I don't suggest to store so for anything, but only for the most often 
encountered words (like "the").

> 2. Converion to and from them can be costly computationaly (especially 
> converting from them). Since storing bit vectors and returning bit vectors to 
> the frontends aren't options this would have to be considered.

If my memory is right, 80386 has a special command for searching ones in bit 
vectors. In any case searching non-zeor bytes is fast.
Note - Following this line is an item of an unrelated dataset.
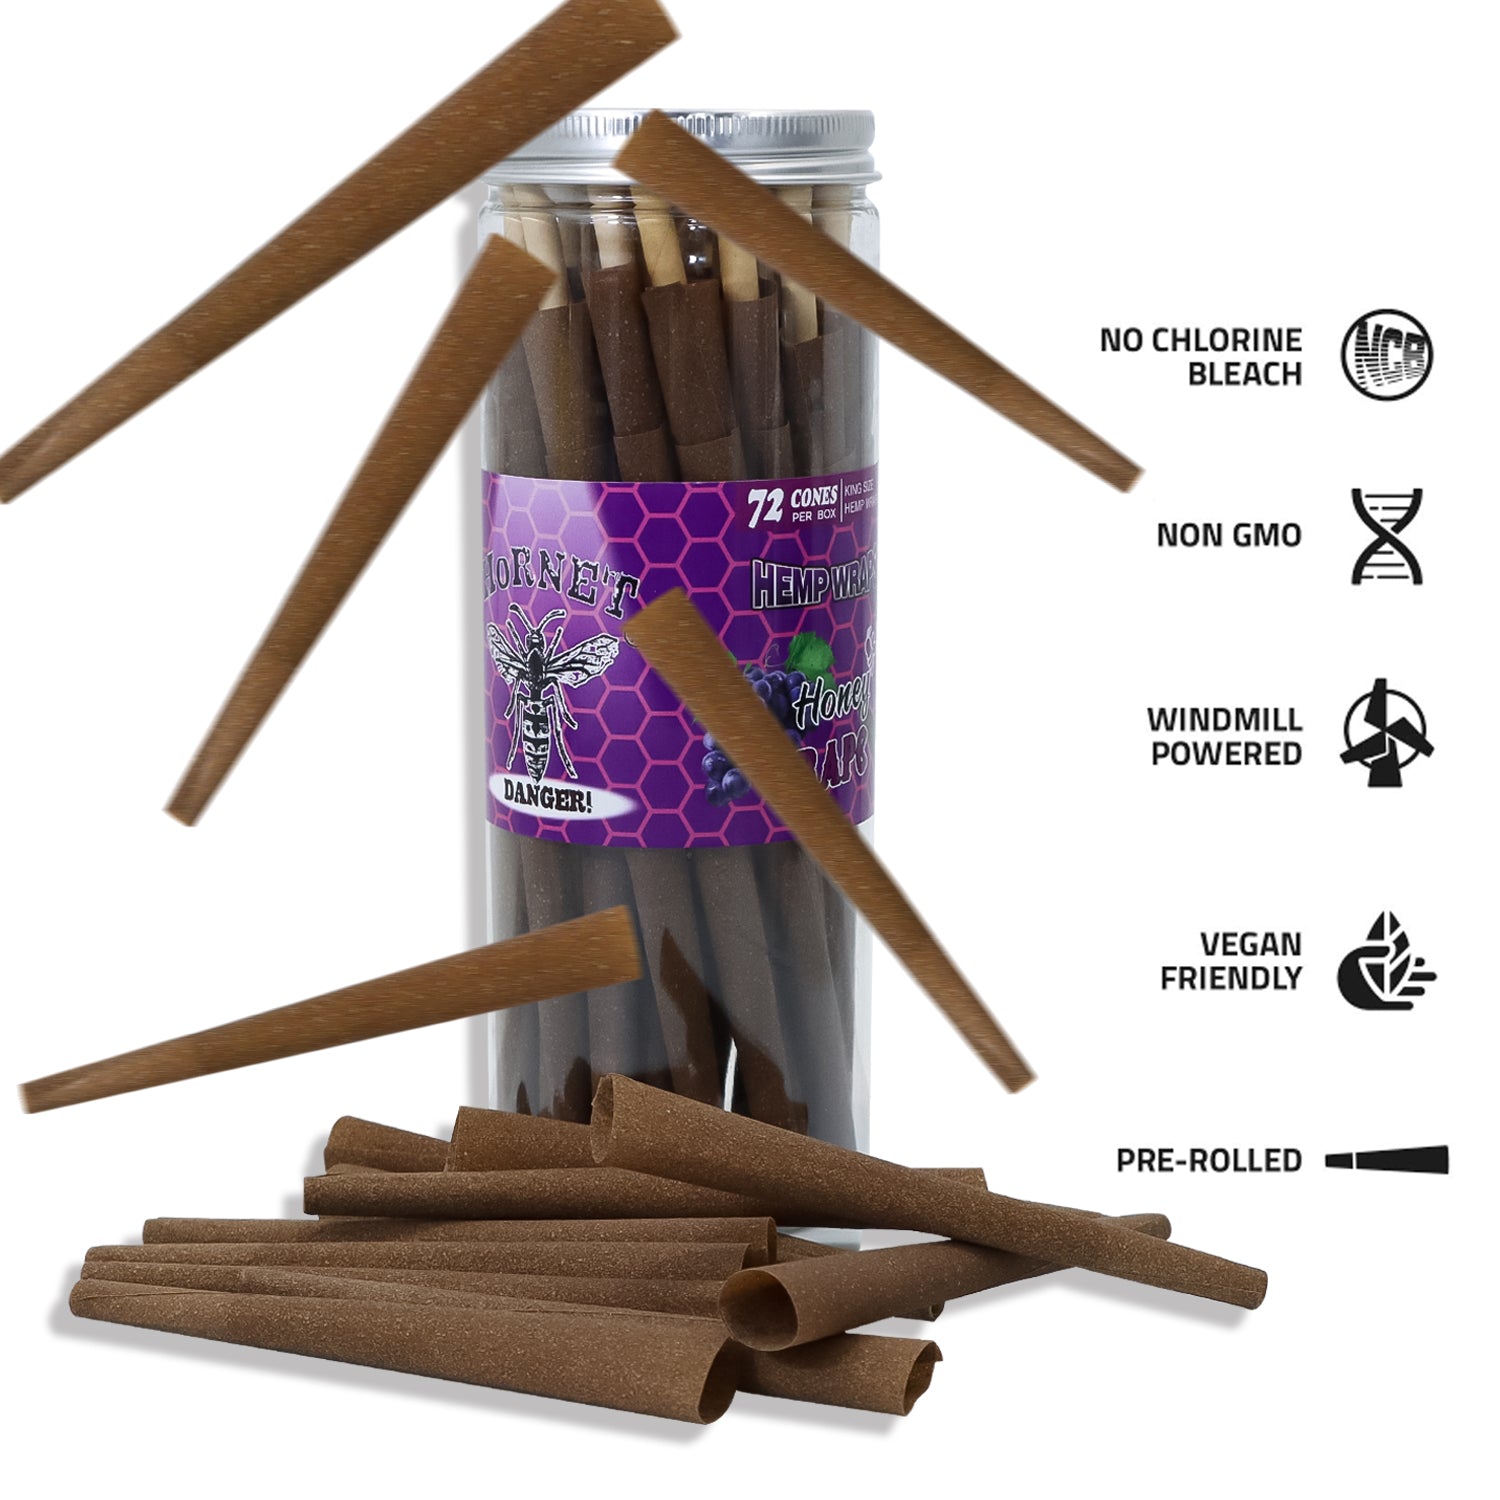 HORNET Grape Flavored Pre Rolled Cones, King Size Brown Pre Rolled Rolling Paper with tips, Slow Burning Rolling Cones & load, 72 PCS / Jar

> 3. Perhaps most significantly, bit vectors are only really a big improvement 
> for logical operators. Verse and word proximity (i.e. within x verses, or 
> within y words) are better done other ways. This could easily lead to 
> multiple conversions to and from bit vectors just to complete one search 
> expression.

I'm not about verse proximity, but namely about paragraphs with specified 
borders!

> > I can (as will have time) even write necessary algorithms. If it will be
> > too slow for 80386, I can remember its assembler!
> 
> Since Sword is a cross platform library, assembler isn't really an option (I 
> know it is already compiled on at least 3 different CPU arcitectures). Plus, 
> do you really think hand coded assembly would be much faster than what a good 
> compiler could produce for a series of bitwise logical operations on arrays?

Isn't only 80386 slow?
-- 
Victor Porton (porton@ex-code.com)